* [Description of the task]: The pictures are to be left out, and all remaining data is to be transcribed exactly as it appears.

* [Information shown]:
* * * *
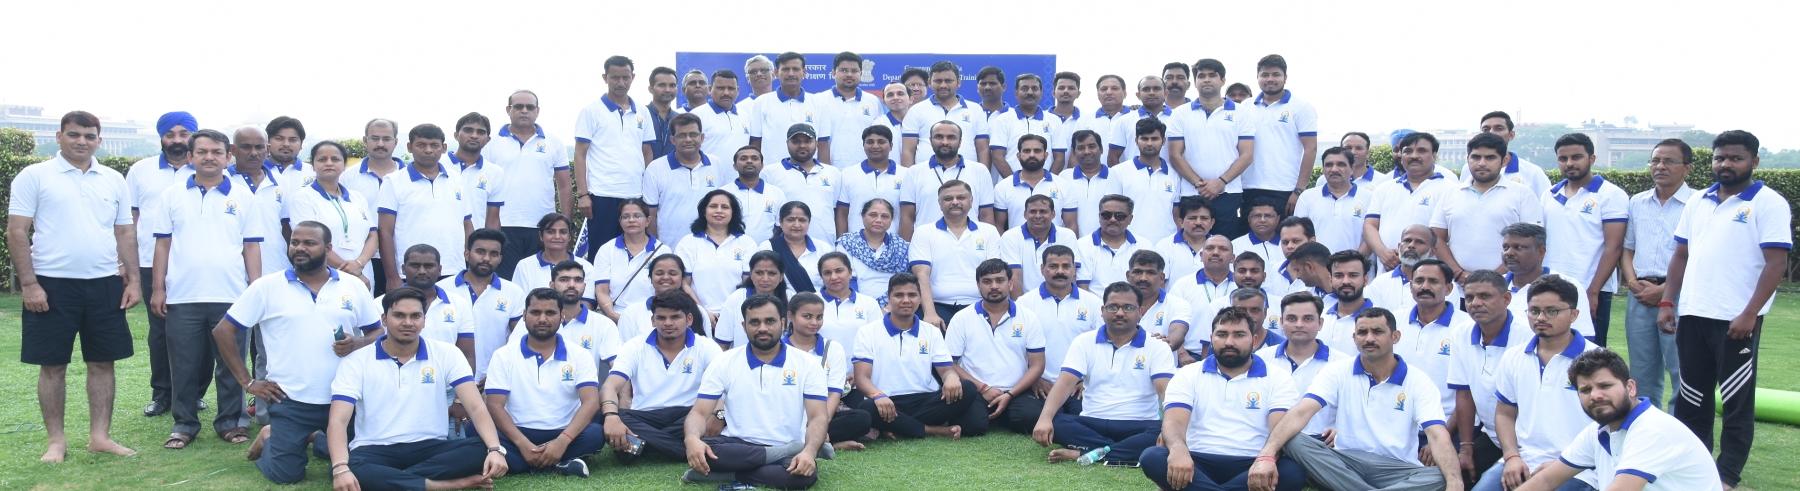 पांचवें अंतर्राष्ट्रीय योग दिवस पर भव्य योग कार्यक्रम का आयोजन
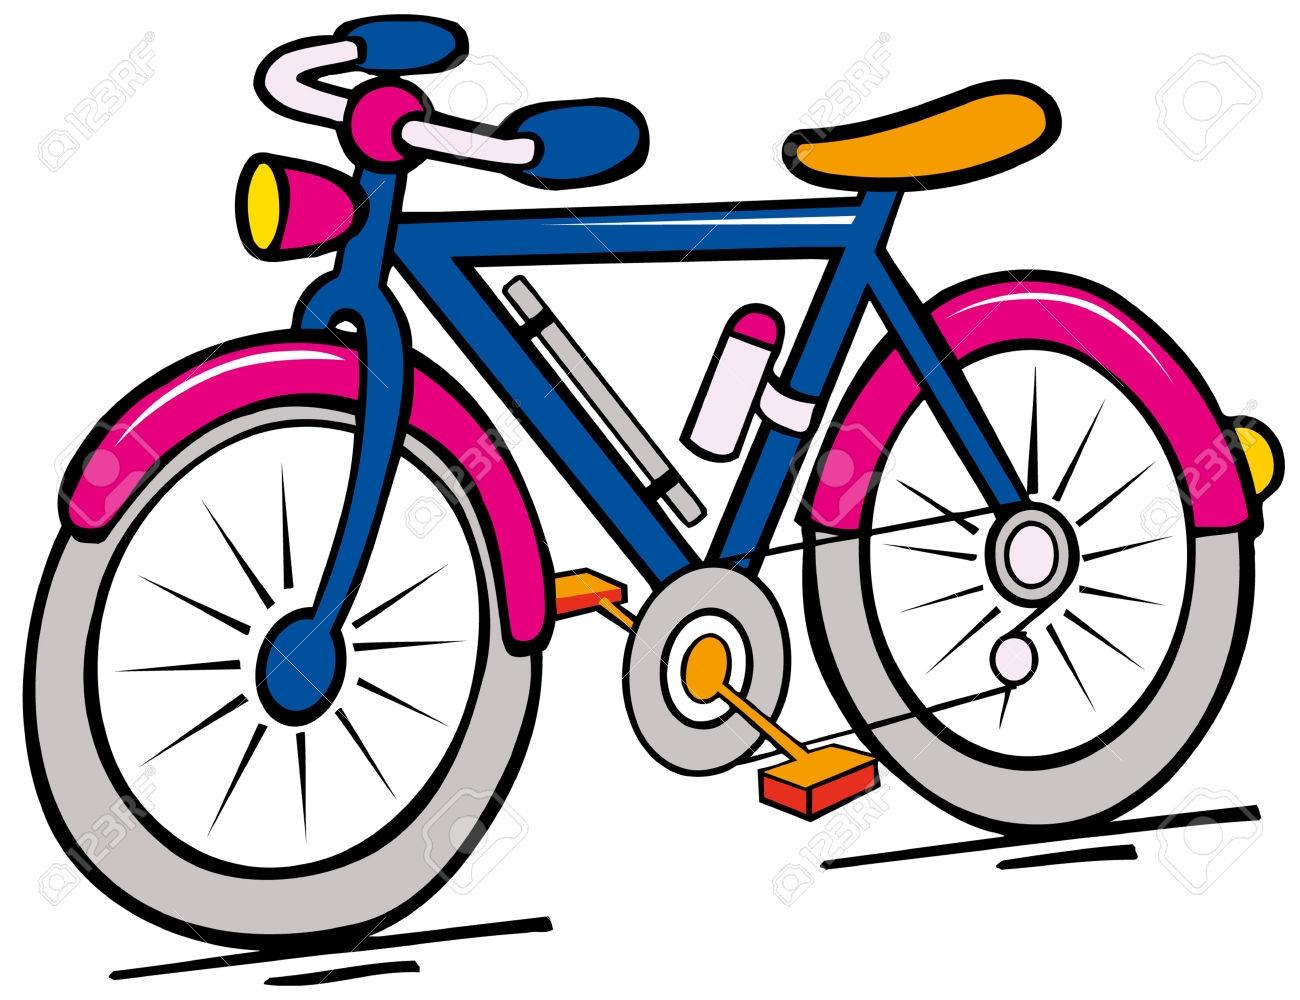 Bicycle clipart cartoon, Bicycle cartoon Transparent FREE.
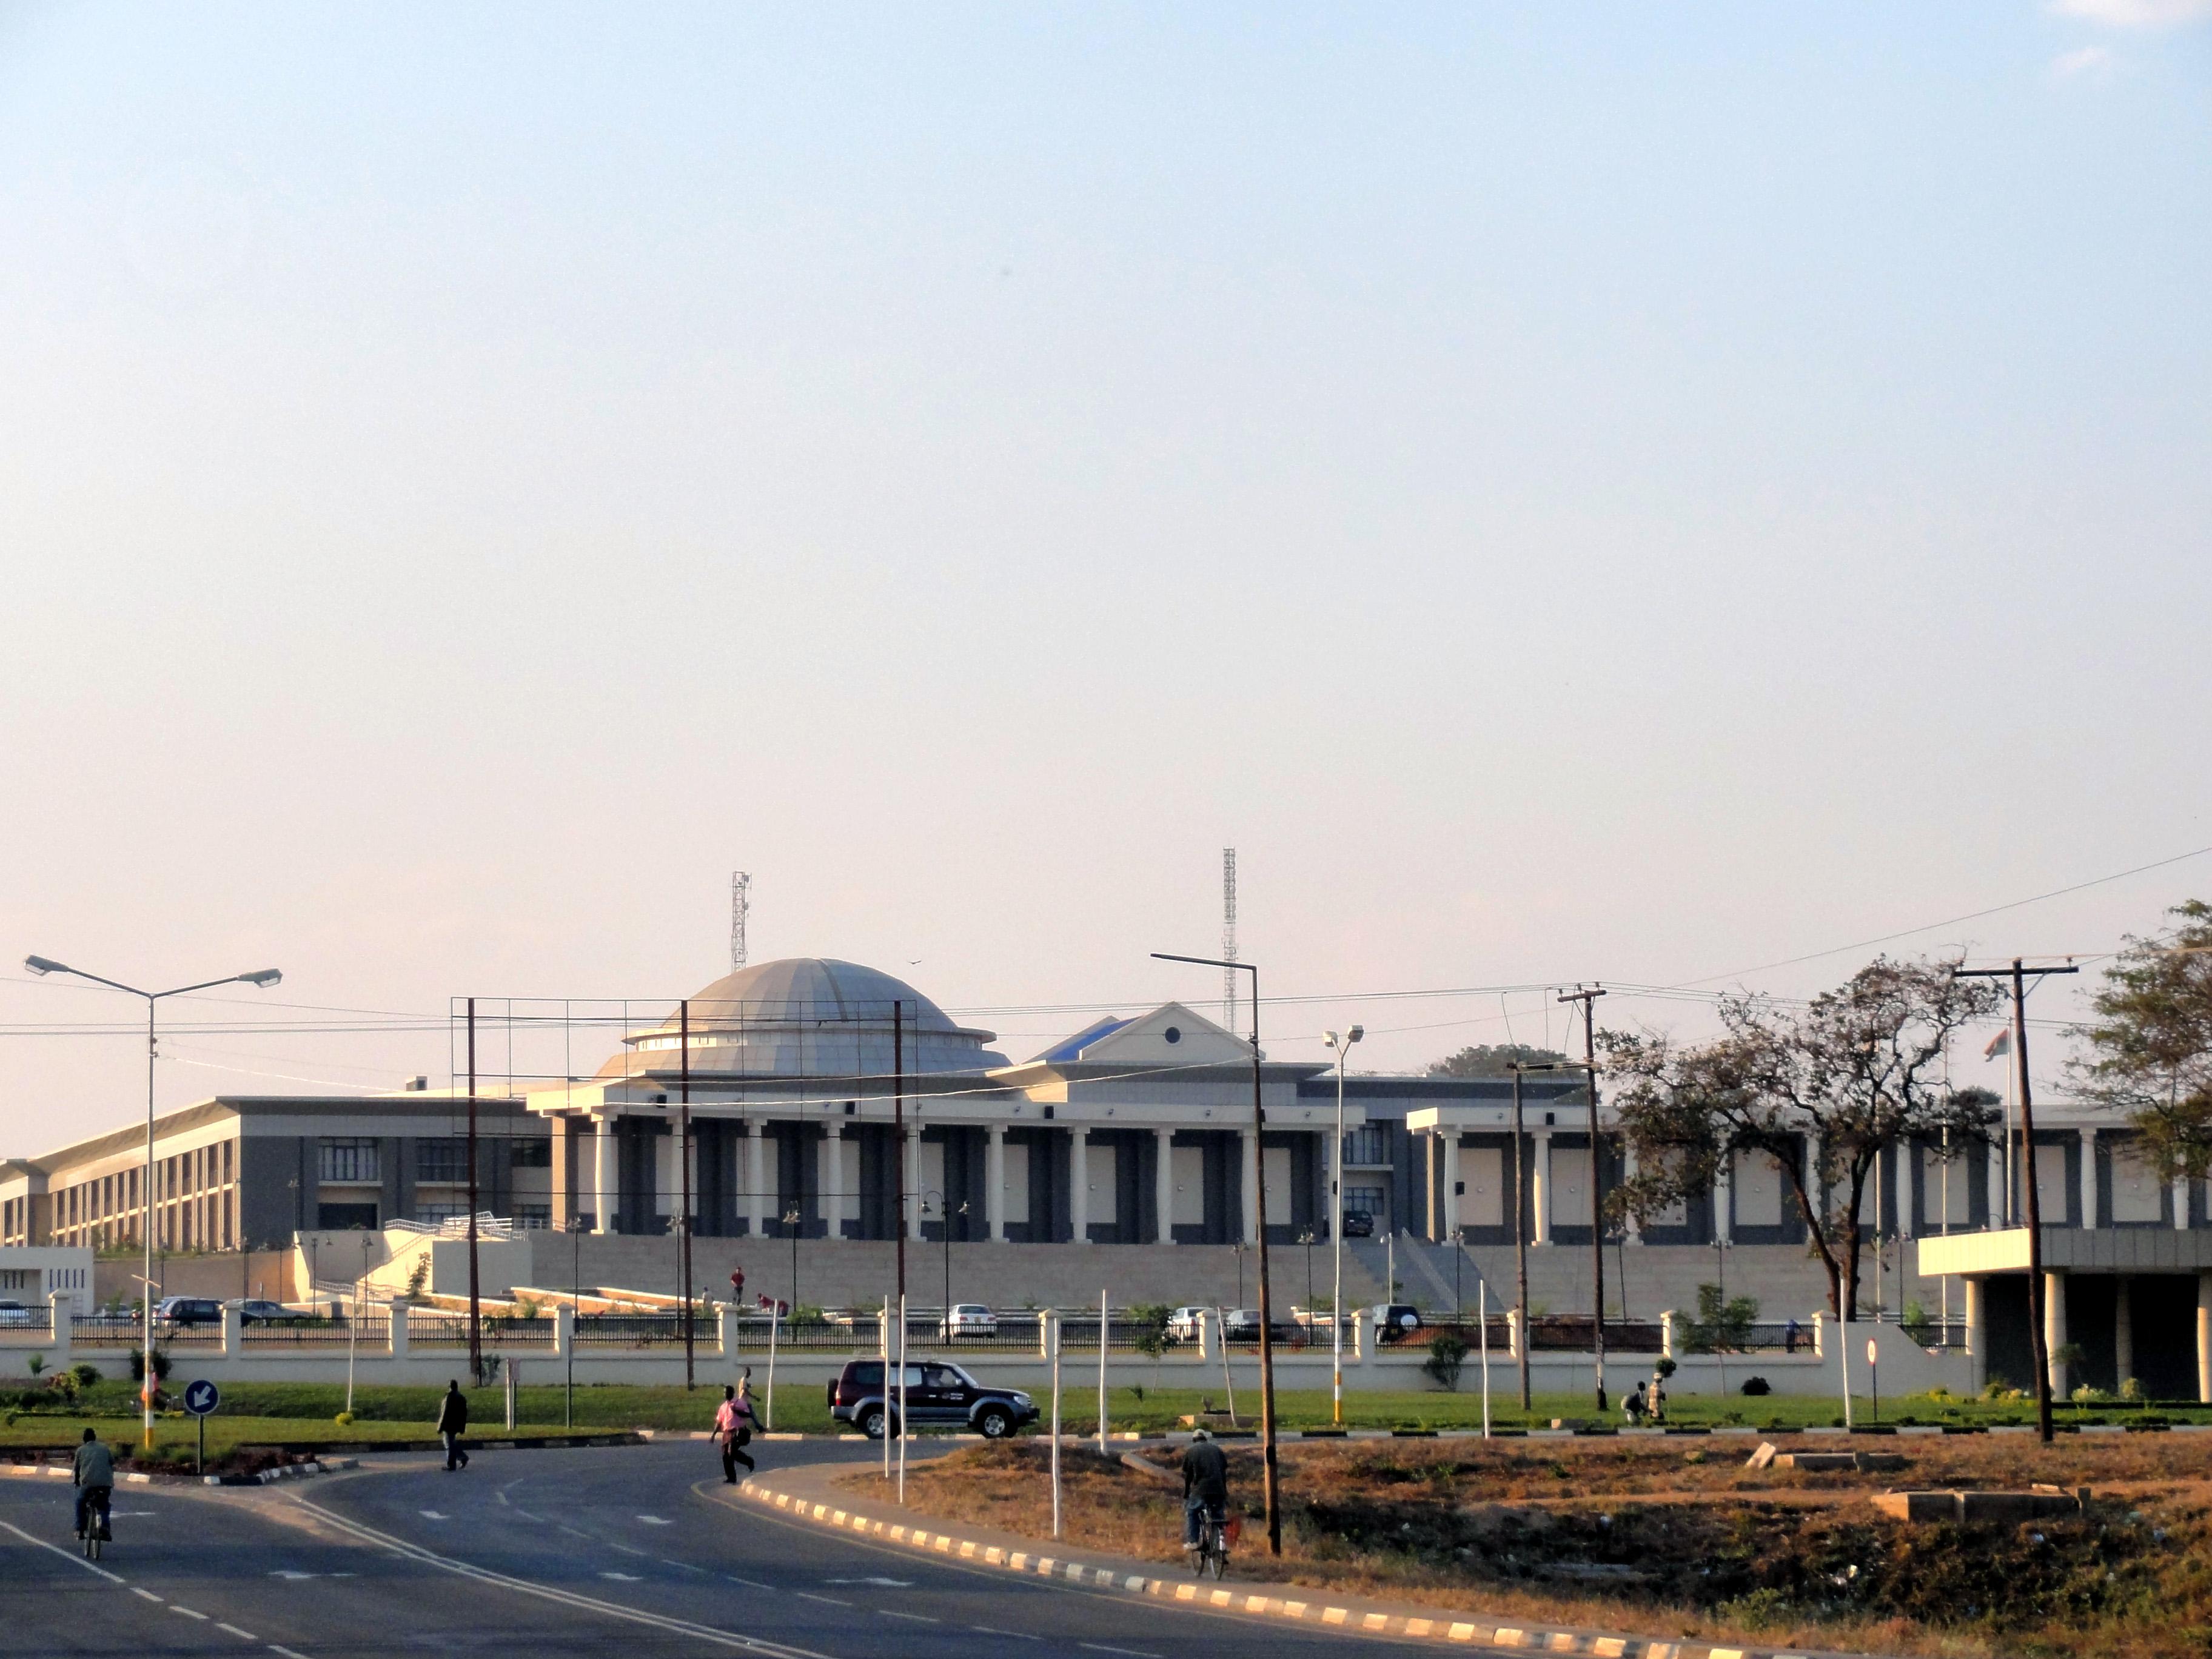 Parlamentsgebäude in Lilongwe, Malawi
* * * *
* [Output of the exercise]:
 पांचवें अंतर्राष्ट्रीय योग दिवस पर भव्य योग कार्यक्रम का आयोजन
 Bicycle clipart cartoon, Bicycle cartoon Transparent FREE.
 Parlamentsgebäude in Lilongwe, Malawi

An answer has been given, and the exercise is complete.